Etsy—a craft marketplace and butt of jokes about DIY or men emasculated by women who like to play the ukelele and crochet—has wobbled since going public. It’s worth looking at the financials anyway. In 2014, the company made $195.6 million in sales; in 2015, it made $273.5 million, or 40 percent more in sales than the year before; in 2016, it made $365 million, or another 33 percent rise in sales. Note that these sales rose in the same two years when the company’s been battling Amazon’s Handmade at Amazon. How many other Amazon competitors have clocked chunky double-digit sales gains while also fending off the mega-giant? And now that Etsy CEO Josh Silverman has shaken up the company in a reorganization, the financials are looking tighter and the company may be headed for a turnaround.
And Stitch Fix is headed for an IPO, meaning the company is about to offer stock for public trade. The numbers are very good for a business with essentially this M.O., “We put some clothes in a box for you, you decide whether or not to buy them.” Try $977 million in revenue in its most recent fiscal year and a remarkably low amount of funding owed to outside investors—for a company valued at $3 billion, the fact that they took less than $50 million in funding is a big deal.
So what? None of these companies receive the type of press, as many other tech startups get, that proclaims: “This is changing the world!” They get office-makeover profiles.
Part of it may be cultural bias—Tech Crunch once dismissed Pinterest as “a colorful haven for Midwestern mothers and Mormons,” which certainly lacks the vigorous bro-locity of “disruption” or “moving-fast-and-breaking-things.” Stitch Fix was designed to appeal to that least-sexy of all Americans: the time-crunched, price-conscious woman. (It has since begun aiming for a wealthier target, perhaps because MM LaFleur pushed price points north, with some success.)

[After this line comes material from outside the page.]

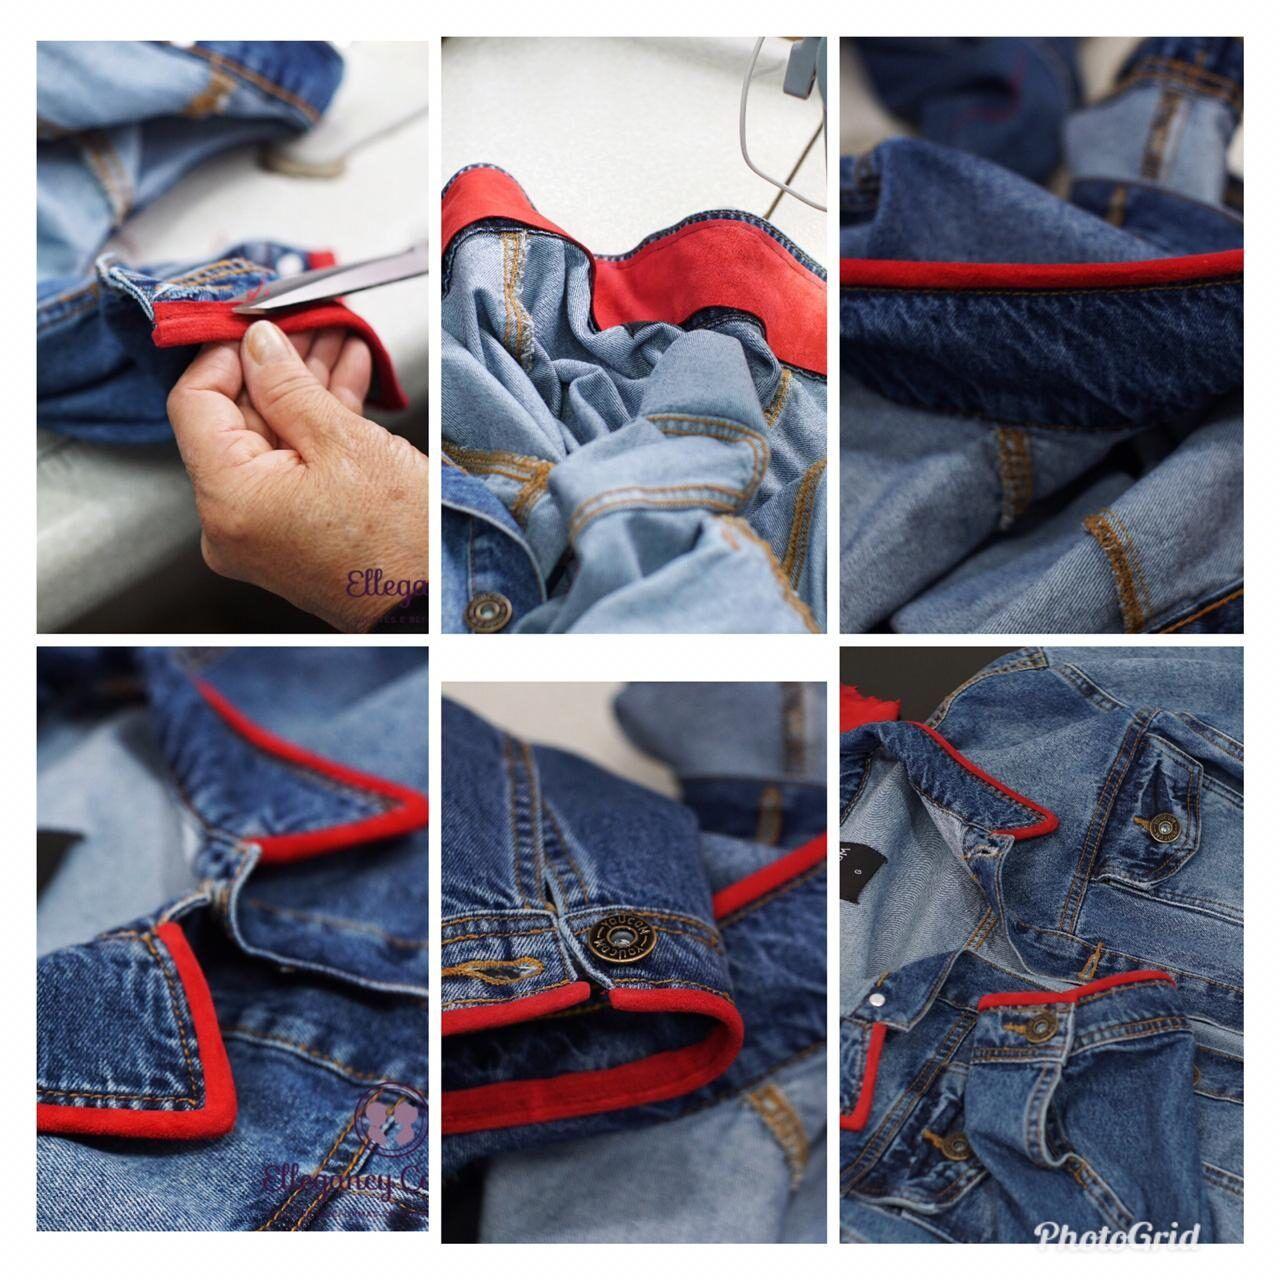 jaqueta-jeans-com-couro-customizar-jaqueta-jeans-6641784

Granted, none of these companies are doing Facebook-style financials yet. But they’re not losing money at an Uber-like pace—and the hows and whys of what they are doing goes largely ignored.
Who cares? People who want to make money do. The track record of venture capitalists funding businesses founded by women or aimed at women is really, amazingly, overtly bad. It probably doesn’t help that 94 percent of investors at these firms are male, and tend not to understand the market demand.

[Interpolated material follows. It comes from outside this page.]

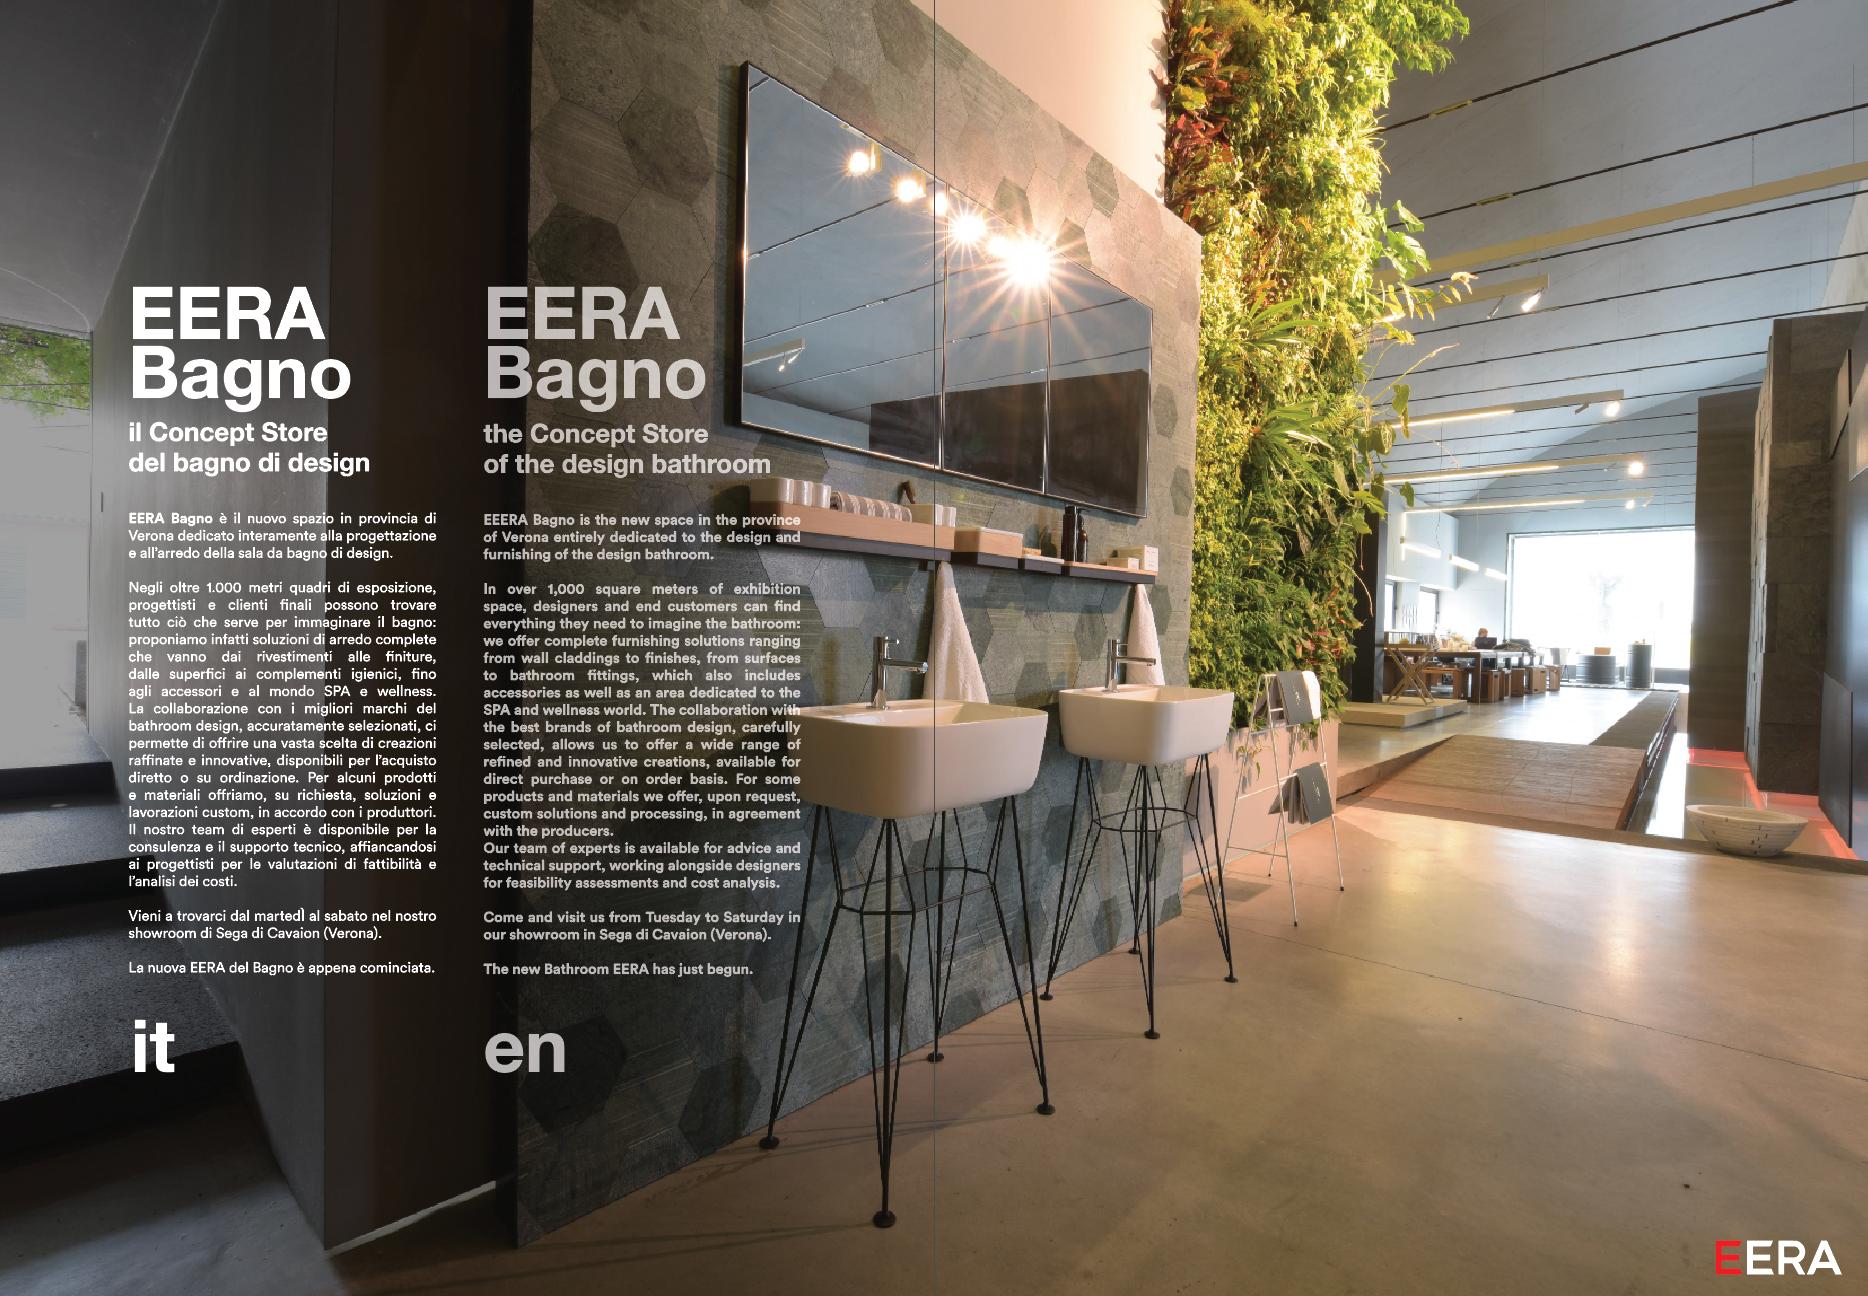 Luca Tognolo - EERA magazine

What they end up missing is the fact that Stitch Fix is effectively a data science company; the retail service offered to customers is an excellent way to gather a rich pool of data which can then be streamed into everything from logistics management to trend forecasting to demographic profiling. Pinterest is effectively a visual search company, and the tools to accurately search, label, sort and analyze sets of visual data don’t just work for selling cute coasters. They can be used in everything from medical imaging to surveillance work to genetic analysis to inventory management. Etsy developed a sustainable model for small-scale, geographically independent e-commerce where there is little to no physical overhead required for inventory, and scant logistical considerations compared to a multichannel retailer. Forget the ex-Googlers who wanted to reinvent bodegas in your living room; Etsy did the exact opposite by giving local artisans a means to build a global customer base.

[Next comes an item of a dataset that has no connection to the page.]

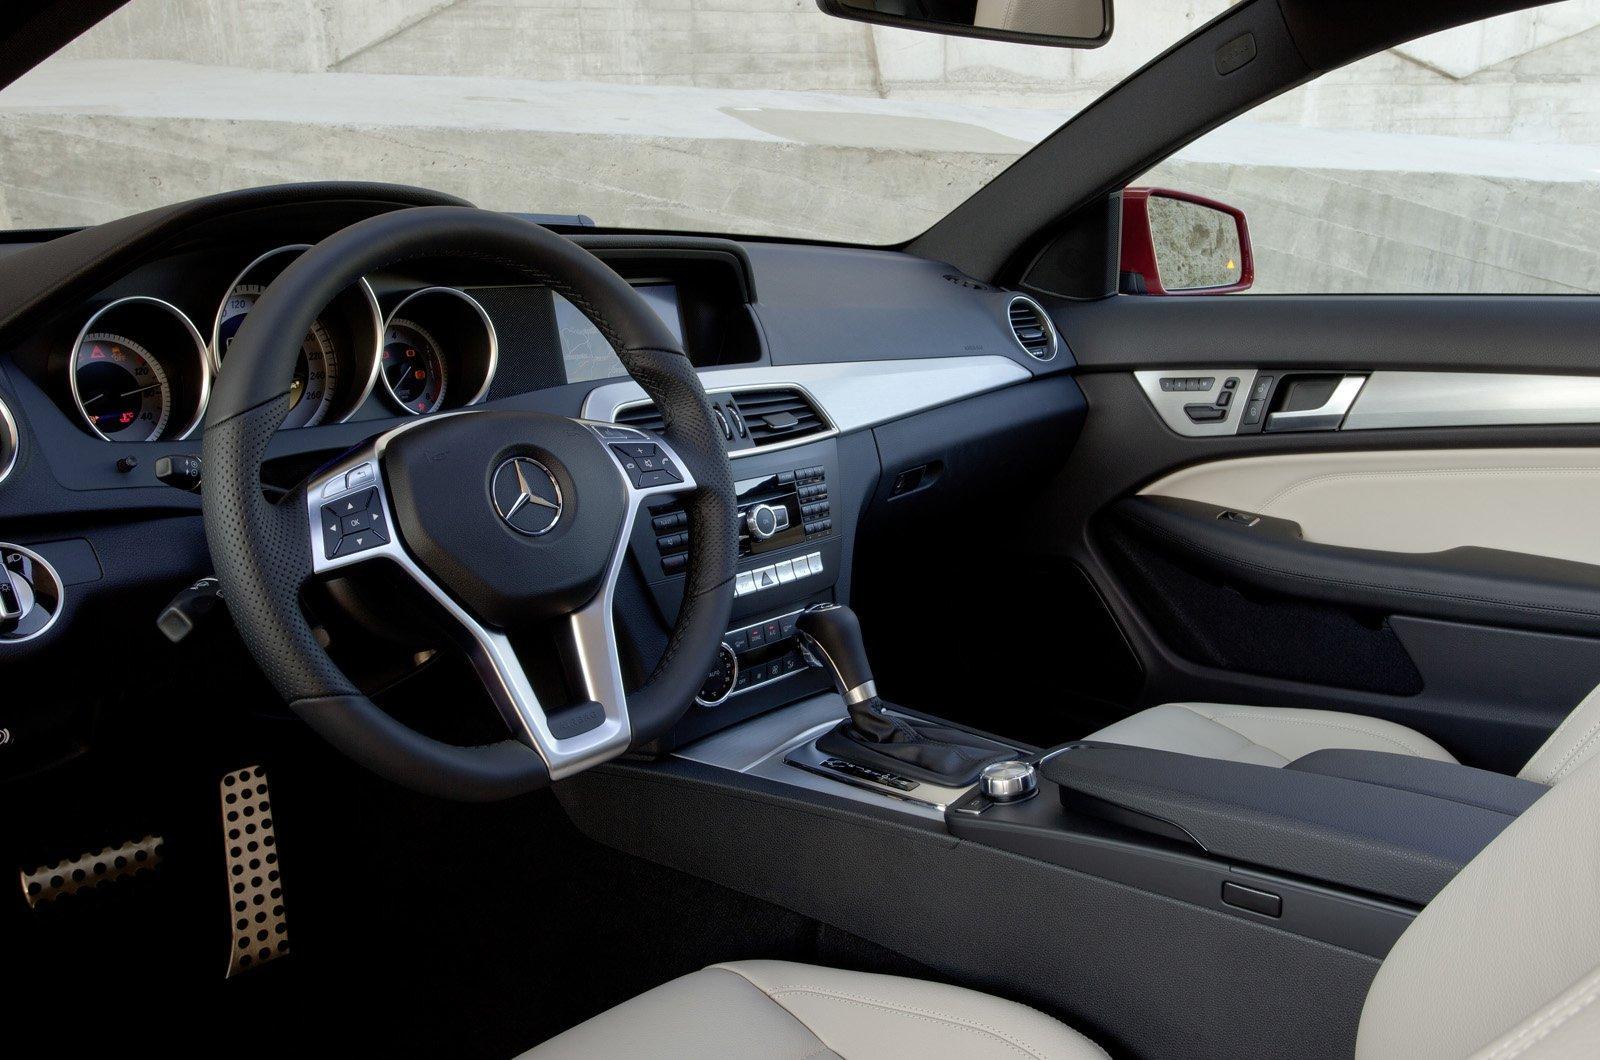 c-class-coupe-2012_03.jpg

But again—ask the average person about Pinterest, Etsy or Stitch Fix and you don’t hear, “Good lord, they’re building out a sophisticated suite of data discovery tools!” You get comments about the so-extra birthday party someone went to for a six-year-old or how Stitch Fix is a great wardrobe refresher.
And that’s the overlooked genius of these companies. They’ve managed to become part of our cultural landscape, while their transformative tick quietly ticks on, making money for the handful of people who have been paying attention.